- Data shown:
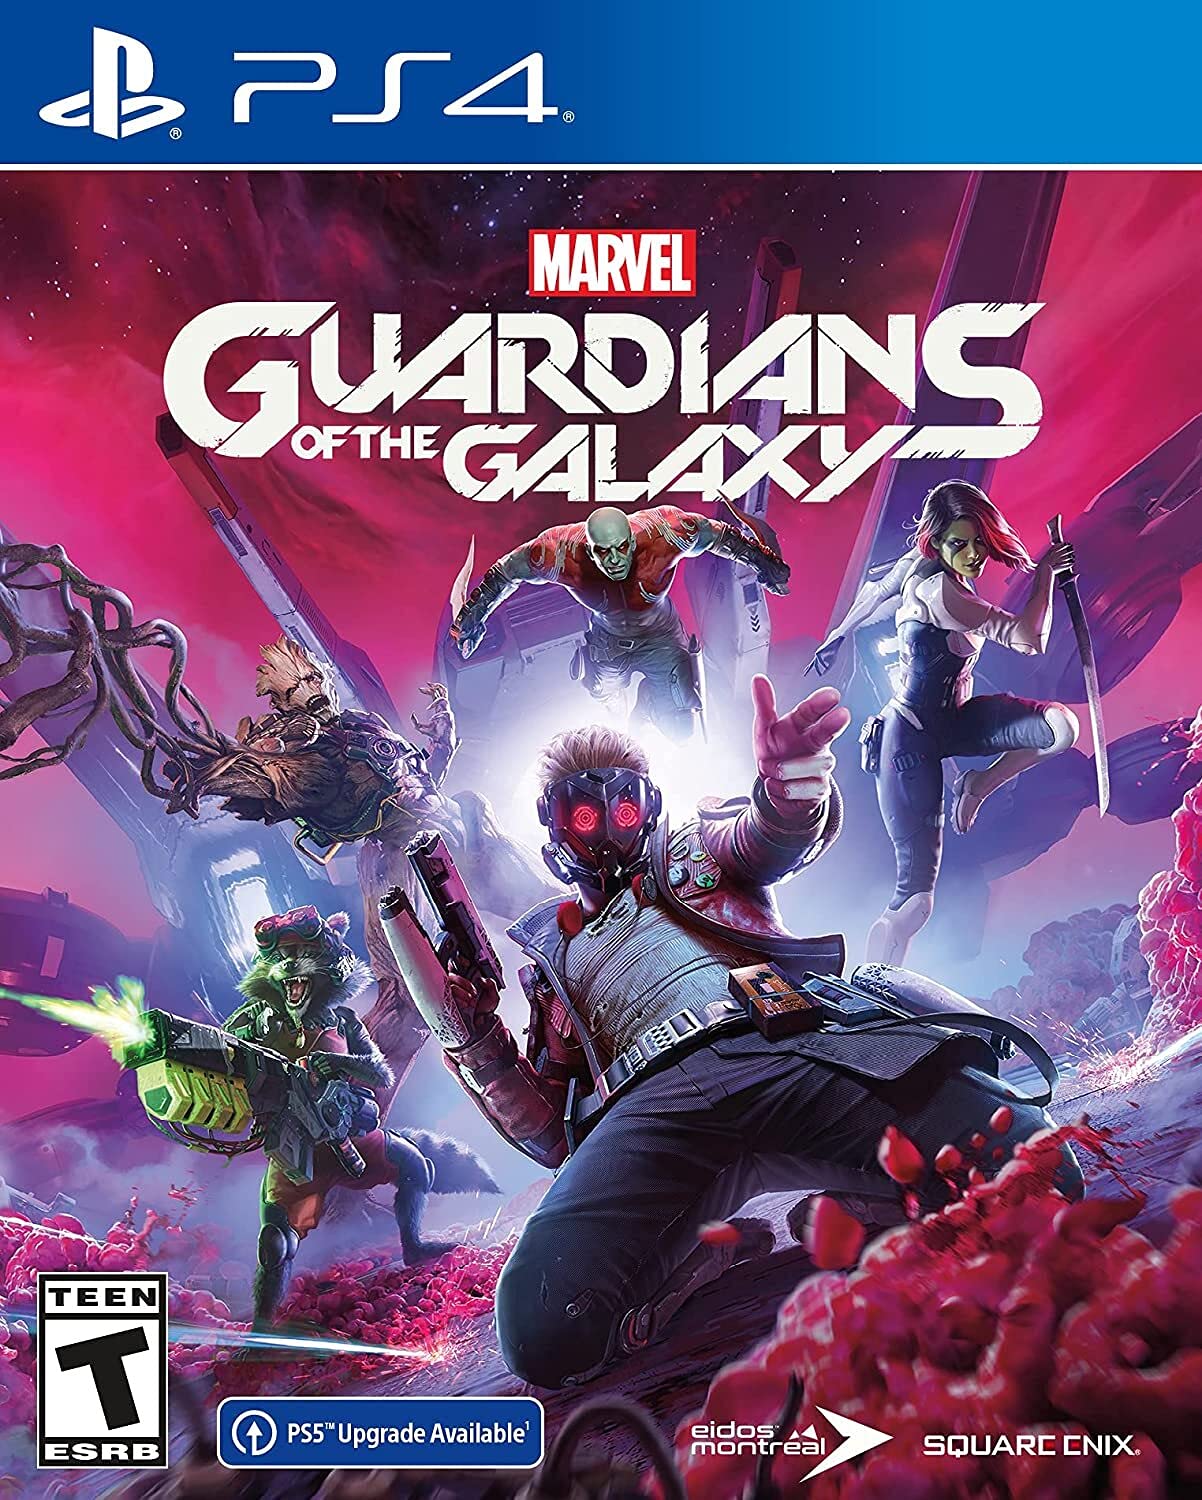 Marvel Guardians of the Galaxy - PS4 Game
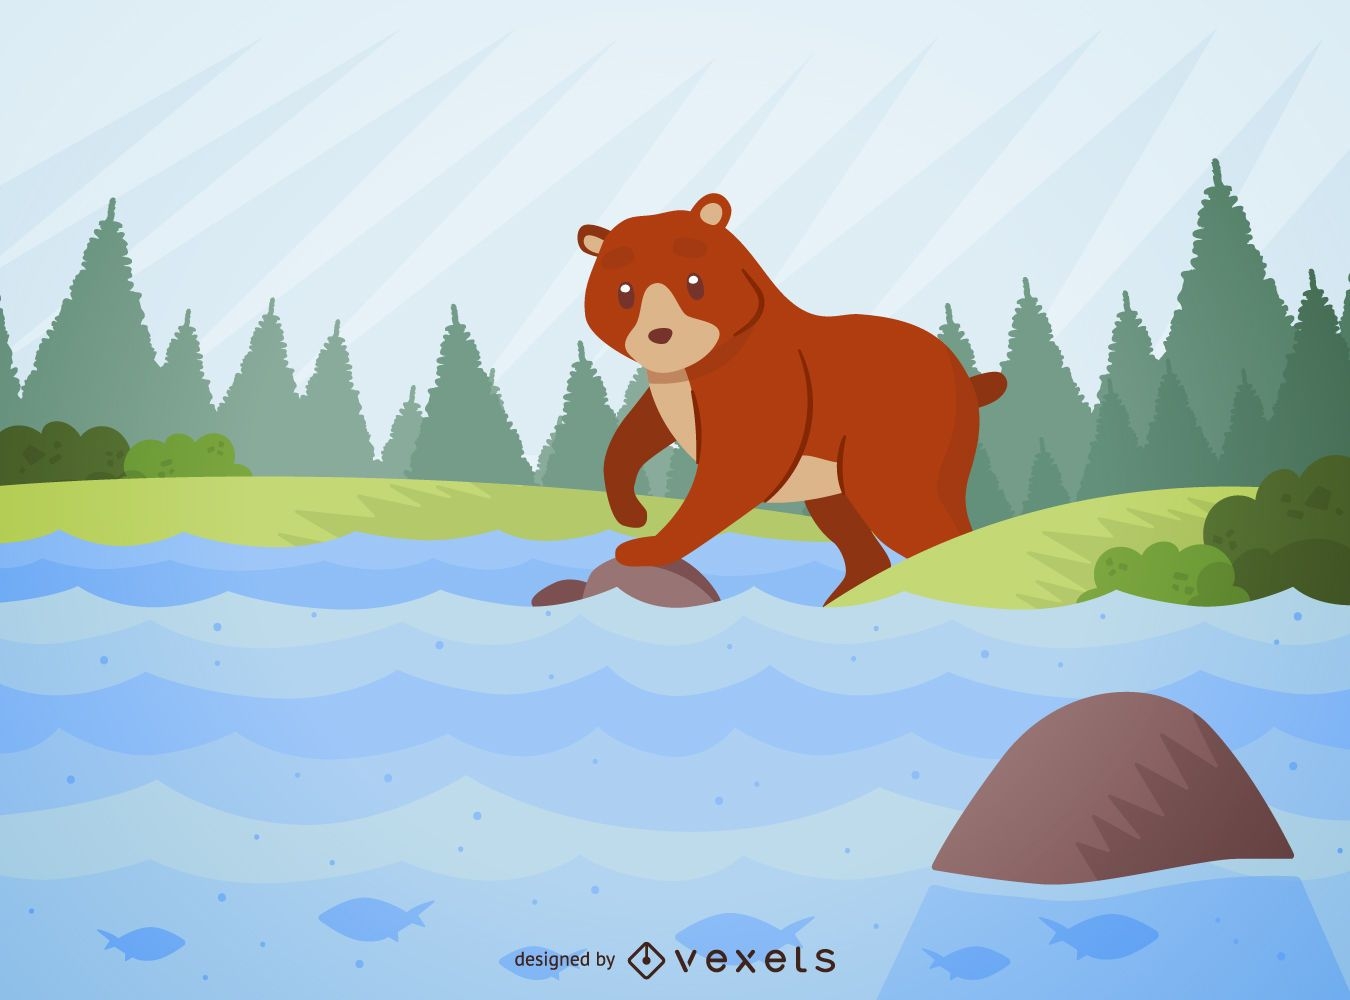 Bear illustration on a river and forest
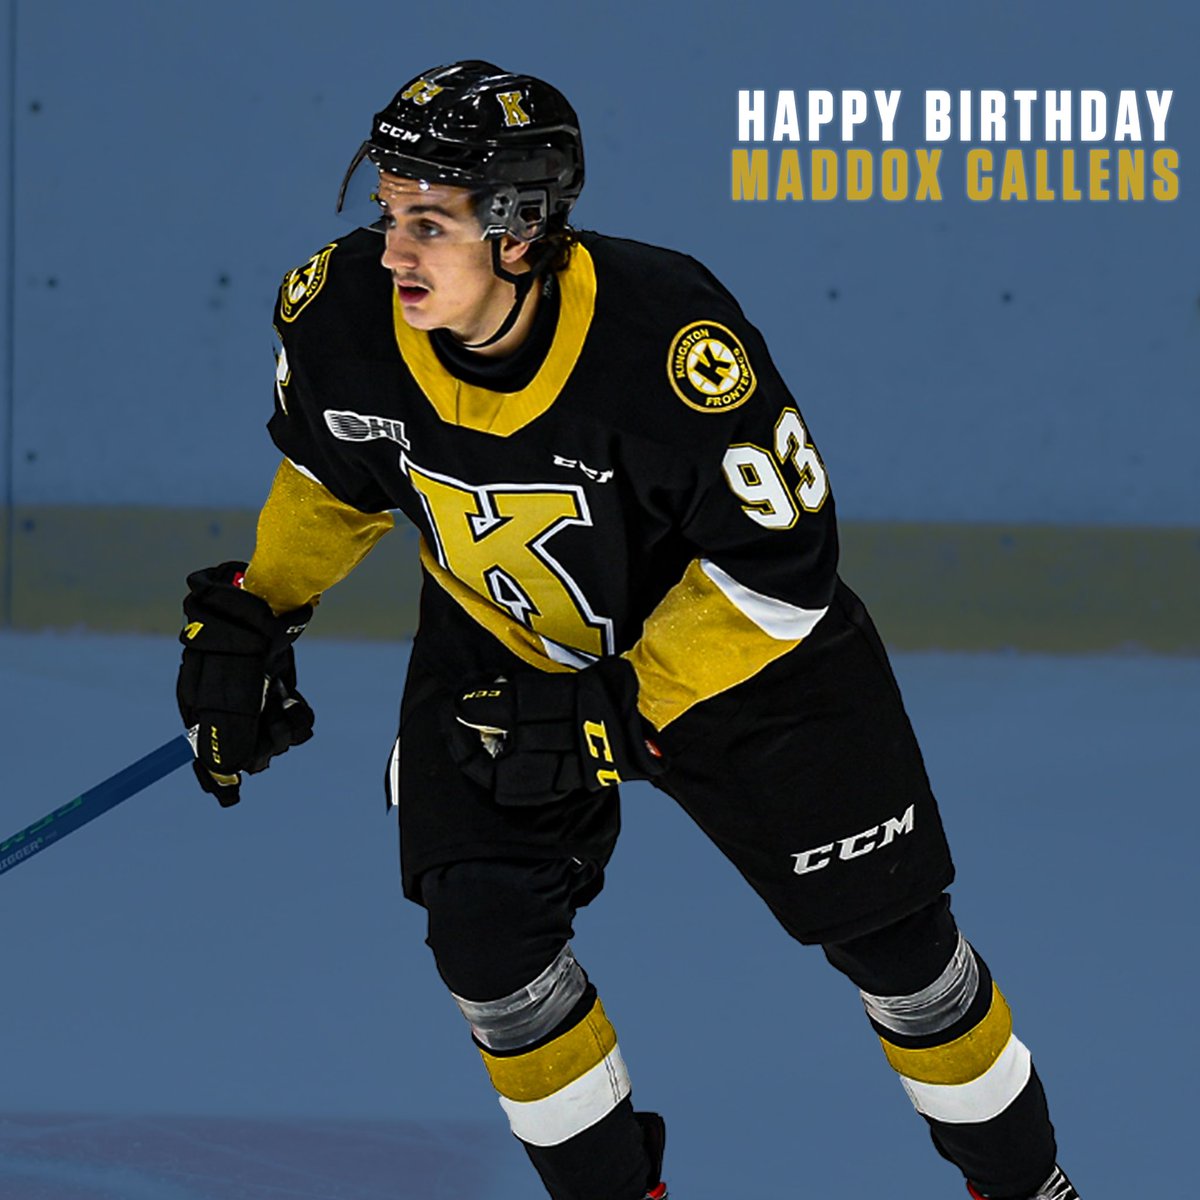 Sending our best wishes to @MaddoxCallens on his 20th birthday today! 🎉

#WDSE #FrontsHockey #OHL #Hockey #MaddoxCallens

- What is expected: In the answer, retype exactly and only the lines from the one holding "Bear illustration on a river and forest" through the end of the listing, keeping both ends and dropping every picture.

- Exercise result:
 Bear illustration on a river and forest
 Sending our best wishes to @MaddoxCallens on his 20th birthday today! 🎉

#WDSE #FrontsHockey #OHL #Hockey #MaddoxCallens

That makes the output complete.